The church was deprived of the opportunity to comment on and criticise abuses in Hungary. "It is permissible to criticise racism in South Africa and North America," Vajta complained, "but when Hungarian troops marched into Czechoslovakia in 1968, not a single word of concern was uttered by the church. Nor are Jews and intellectuals who have been expelled from socialist countries regarded as suitable subjects for the concrete practice of diaconia in our world today." He concluded that the theology had in fact become an ideology, criticism of which was not tolerated.

The broadside, published in a German magazine in 1983, provoked a blistering response from senior Hungarian Lutheran leaders, all of whom had been appointed at the behest of the state. Vajta had particularly criticised pronouncements by Bishop Zoltan Kaldy, then head of the Hungarian Lutheran Church and a vocal supporter of the "theology of diaconia". Kaldy himself remained silent, but five other senior church figures issued a statement condemning Vajta's "slanders".

Instead of tackling Vajta's theological points, they resorted to discrediting "someone who for the last 42 years has lived in the West . . . but who none the less believes that he is qualified to lecture to and censure his former church". Throughout this exchange, Vajta remained unfailingly polite. He later amplified his ideas in a 1987 book.

Vajta grew up after the First World War in newly independent Hungary, studying theology in Sopron from 1936 to 1940, when he was ordained as a Lutheran minister. After service in various congregations, he gained a grant to study in Sweden in 1941. As pastor to the Hungarian embassy in Stockholm he was, like other embassy staff, granted political asylum by the Swedish government when Hungary was annexed by Nazi Germany in the spring of 1944.

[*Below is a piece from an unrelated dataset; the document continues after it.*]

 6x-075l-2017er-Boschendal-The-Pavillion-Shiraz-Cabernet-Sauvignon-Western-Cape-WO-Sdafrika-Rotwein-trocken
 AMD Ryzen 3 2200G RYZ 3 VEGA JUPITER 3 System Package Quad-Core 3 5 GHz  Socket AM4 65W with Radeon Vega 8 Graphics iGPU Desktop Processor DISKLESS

Vajta studied first in Uppsala and later in Lund, where he received his doctorate in 1953 for his work on Luther's theology of worship (published in German in 1952 and in English in 1957). He also looked after congregations of Hungarian Lutherans in Sweden.

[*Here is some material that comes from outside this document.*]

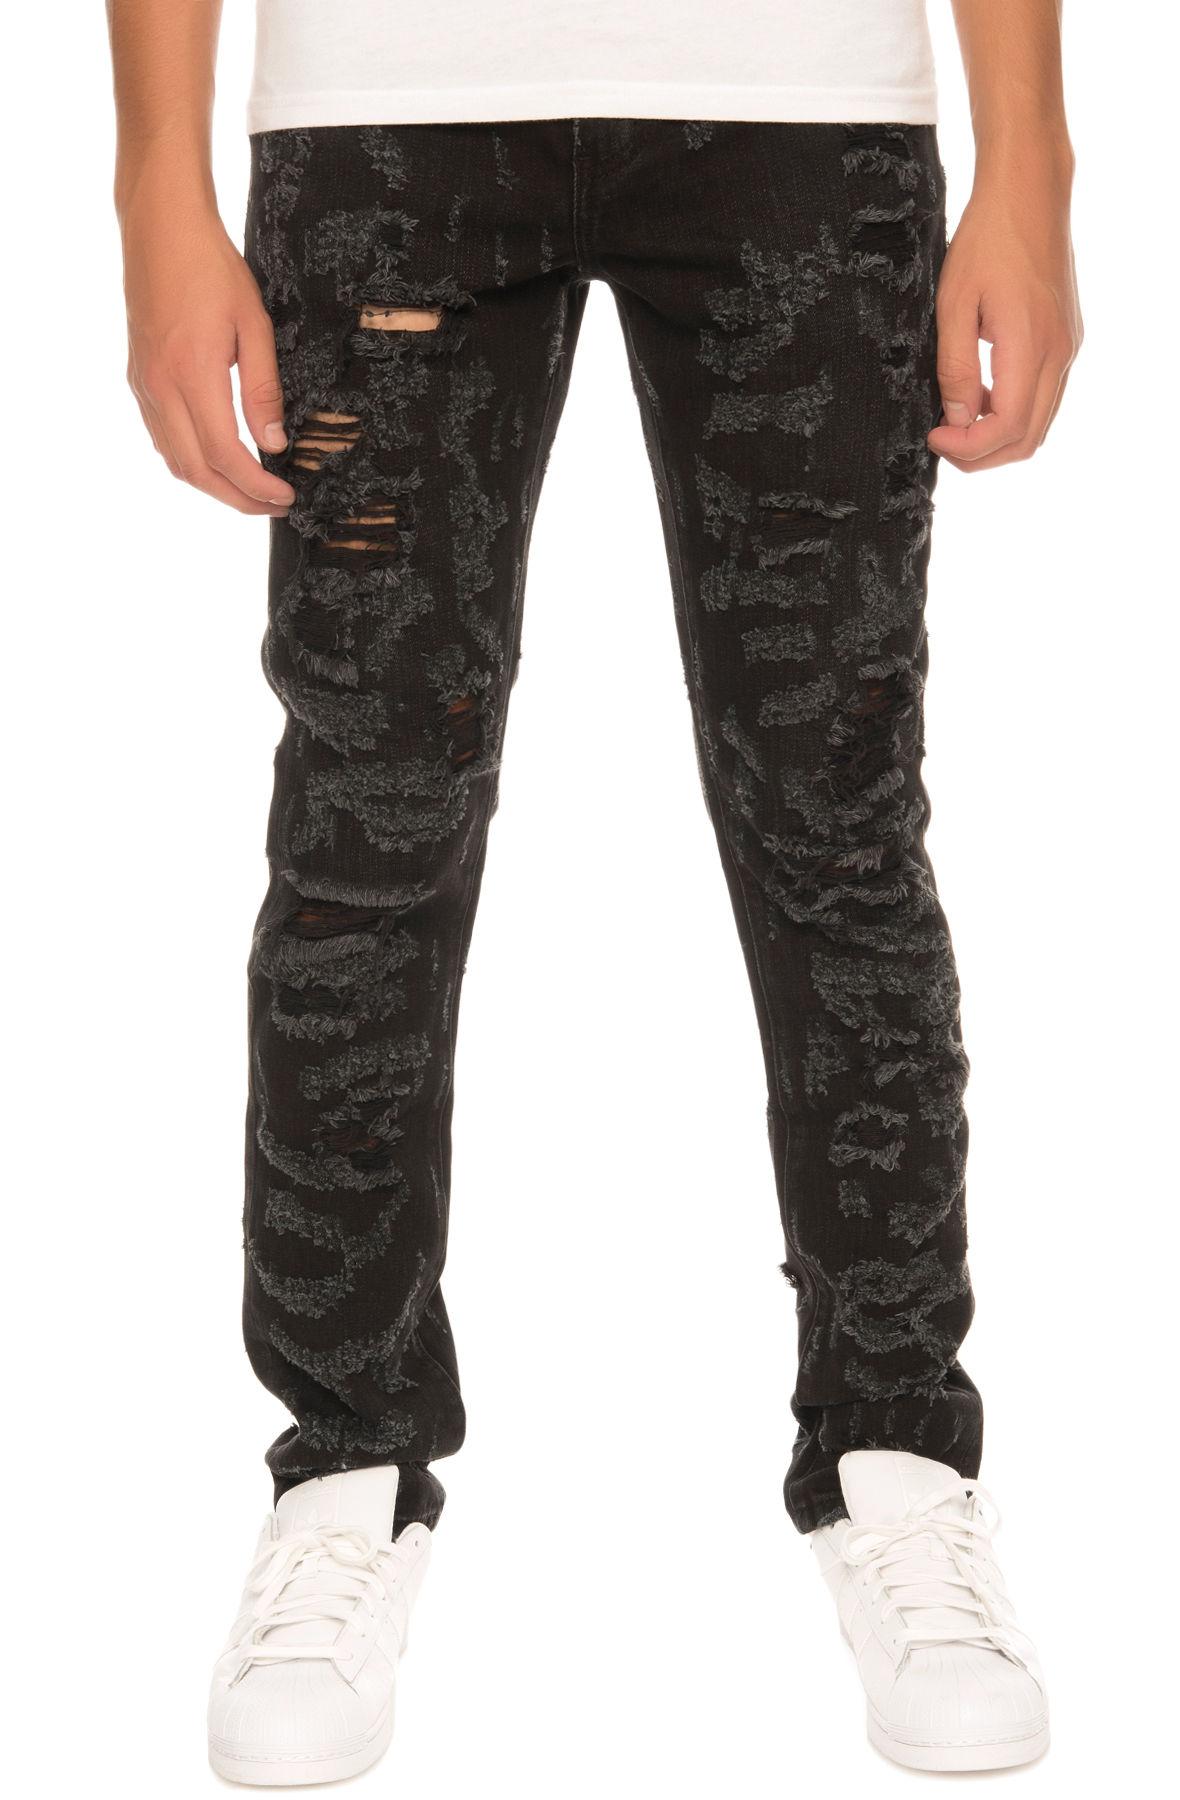 Image of The Erika Denim Jeans in Black

At the end of 1953 he was named as first director of the Lutheran World Federation's Department of Theology, based in Geneva. From there he organised international conferences, maintained links with Lutheran theological institutions and administered the grants programme for students.

Vajta began a string of publications on the history, constitution and life of the Lutheran churches worldwide. He was one of the initiators of the Luther Research Congress, whose first conference he organised in Denmark in 1956 and whose work he followed closely and moulded for several years, inviting not only Lutheran theologians but other Christians, historians and later even Marxists. He became committed to ecumenical work, attending conferences of the World Council of Churches and the Second Vatican Council.

In 1964 he was asked to go to the Institute for Ecumenical Research in Strasbourg as its first director, where he stayed until his retirement in 1981. There he continued his ecumenical work, playing a key role in Lutheran-Catholic dialogue (which would eventually reach fruition with a joint declaration on justification by faith earlier this year).

Despite the conflict with the church leadership in Hungary, Vajta remained attached to the church, retaining a sense of responsibility and concern. For 30 years from 1957 he served as president of the conference of Hungarian church workers abroad. After the resolution of this conflict, which ended, appropriately enough, in 1990 by his receiving an honorary doctorate in theology from the theological seminary in Budapest, he devoted a considerable effort to publishing his theological work in Hungary.

Vajta was also committed to his adopted country of Sweden, taking Swedish citizenship in 1949 and becoming a pastor of the Swedish church, as well as being married to a Swede.

Felix Corley

Vilmos Vajta, theologian: born Kecskemet, Hungary 15 June 1918; ordained 1940; Director, Lutheran World Federation Department of Theology, Geneva 1953-64; Director, Institute for Ecumenical Research, Strasbourg 1964-81; married (one son, two daughters); died Alingsas, Sweden 21 October 1998.